In November 2020, the Texas Board of Education had an opportunity to update these laws, but the Republican majority voted not to in a 9-6 vote. Despite this, they did vote in favor of updating the anti-bullying policy to include language about "sexual bullying", although it was unclear if this included LGBT students or not, and when the Conservative board members were questioned what the term meant, they could not give a straight definition.

As of March 2022, the Texas Anti-LGBT curriculum laws remain on the Statute books.

Florida 

In March 2022, the Florida Legislature passed House Bill 1557, the Parental Rights in Education Act, often referred to as the "Don't Say Gay" bill by its opponents. Governor of Florida Ron DeSantis signed the bill into law on March 28, 2022. The law goes into effect from July 1 The law prohibits classroom instruction on sexual orientation or gender identity from kindergarten to grade 3 in Florida public school districts, or instruction on sexual orientation or gender identity in a manner that is not "age appropriate or developmentally appropriate for students" in any grade. The preamble of the law also mentions "classroom discussion" of these topics, dividing legal scholars if that would be included within the scope of the law. It also allows parents and teachers to sue any school district if they believe this policy is violated, with school districts covering the cost of the lawsuit.
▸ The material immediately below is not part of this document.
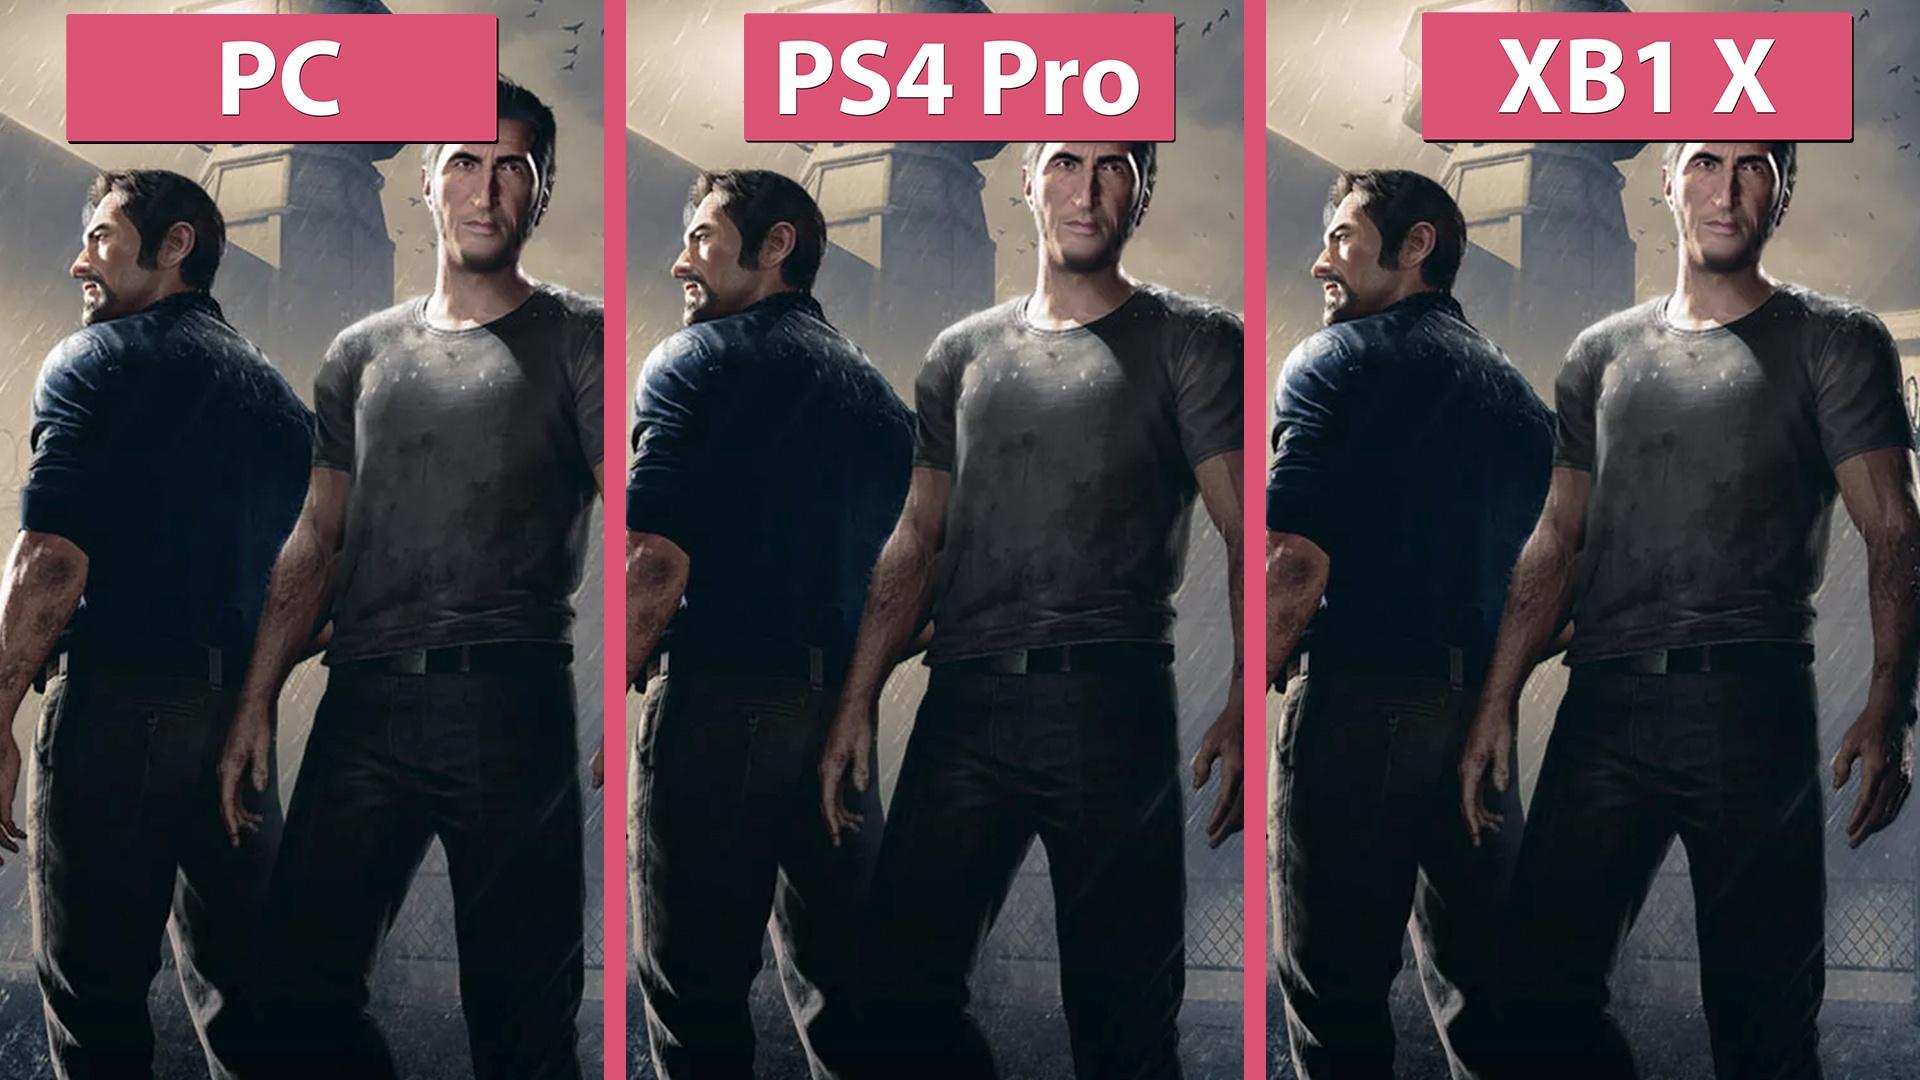 A Way Out Pc Max Gegen Ps4 Pro Und Xbox One X Im Vergleich Gamestar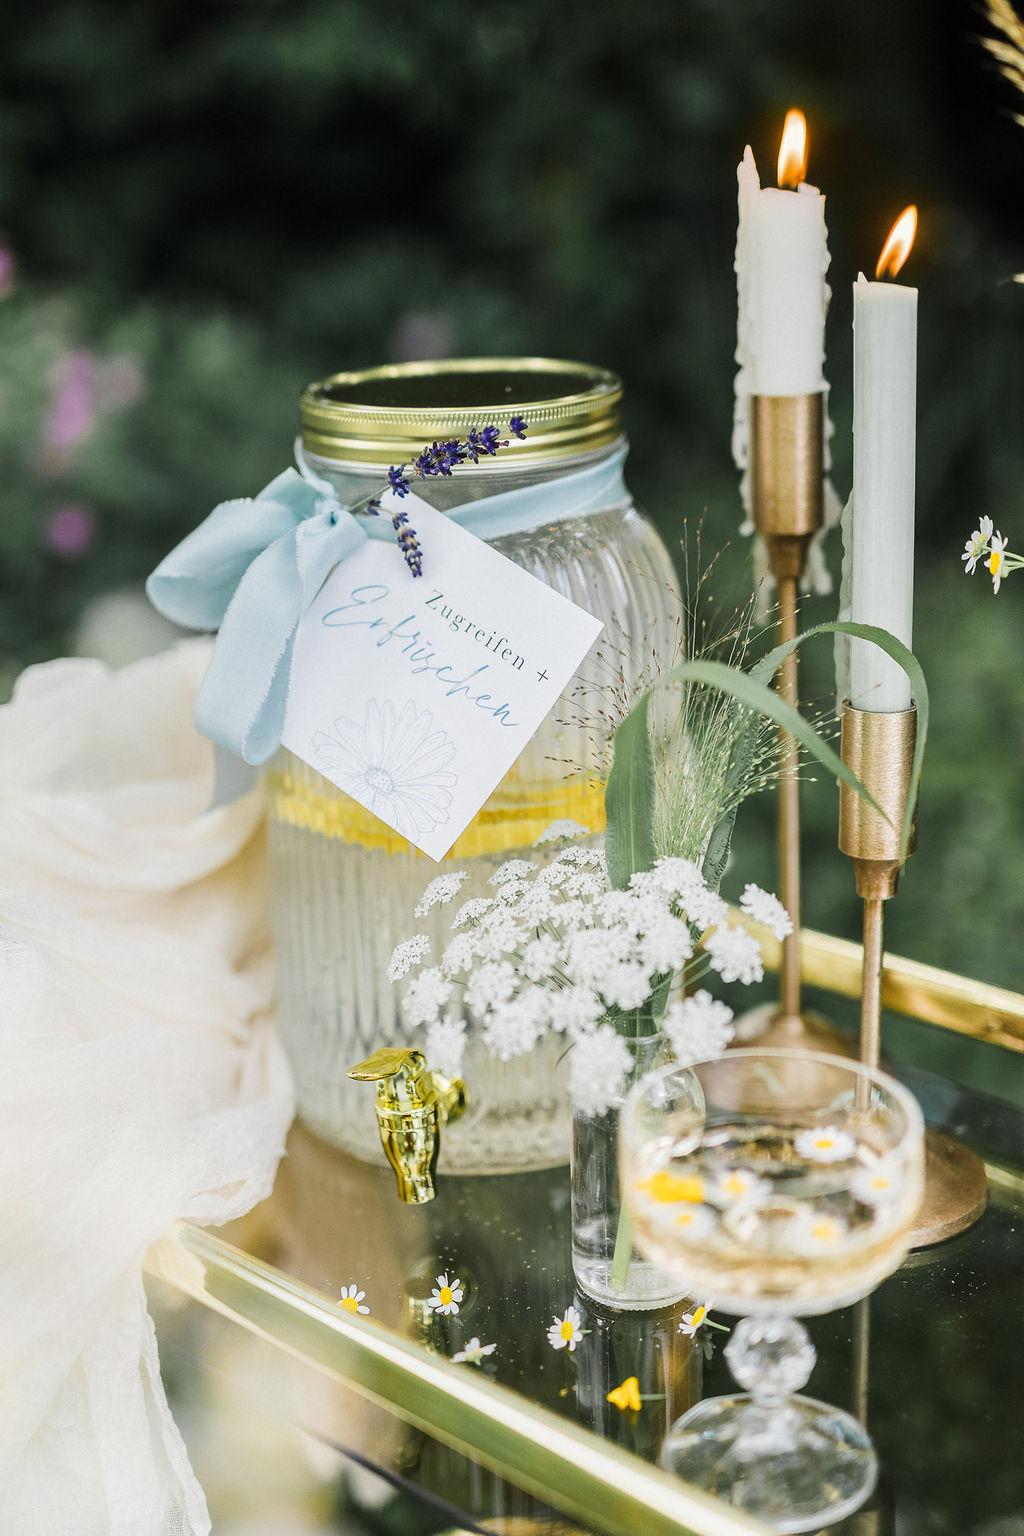 Getränkebar, Hochzeit im eigenen Garten, Gartenhochzeit, nachhaltig heiraten, Heiraten zu Hause, Corona Hochzeit, Outdoor Hochzeit, Tiny Wedding, Wiesenblumen, Boho

The bill additionally prevents school districts from withholding information about a child’s "mental, emotional, or physical well-being" from their parents. Due to the "Don't Say Gay" nickname, some commentators and social media users incorrectly believed the bill banned mentioning the word "gay" in school classrooms. The bill does not verbatim prohibit the use of the word "gay;" it prohibits classroom instruction or "discussion" on “sexual orientation or gender identity."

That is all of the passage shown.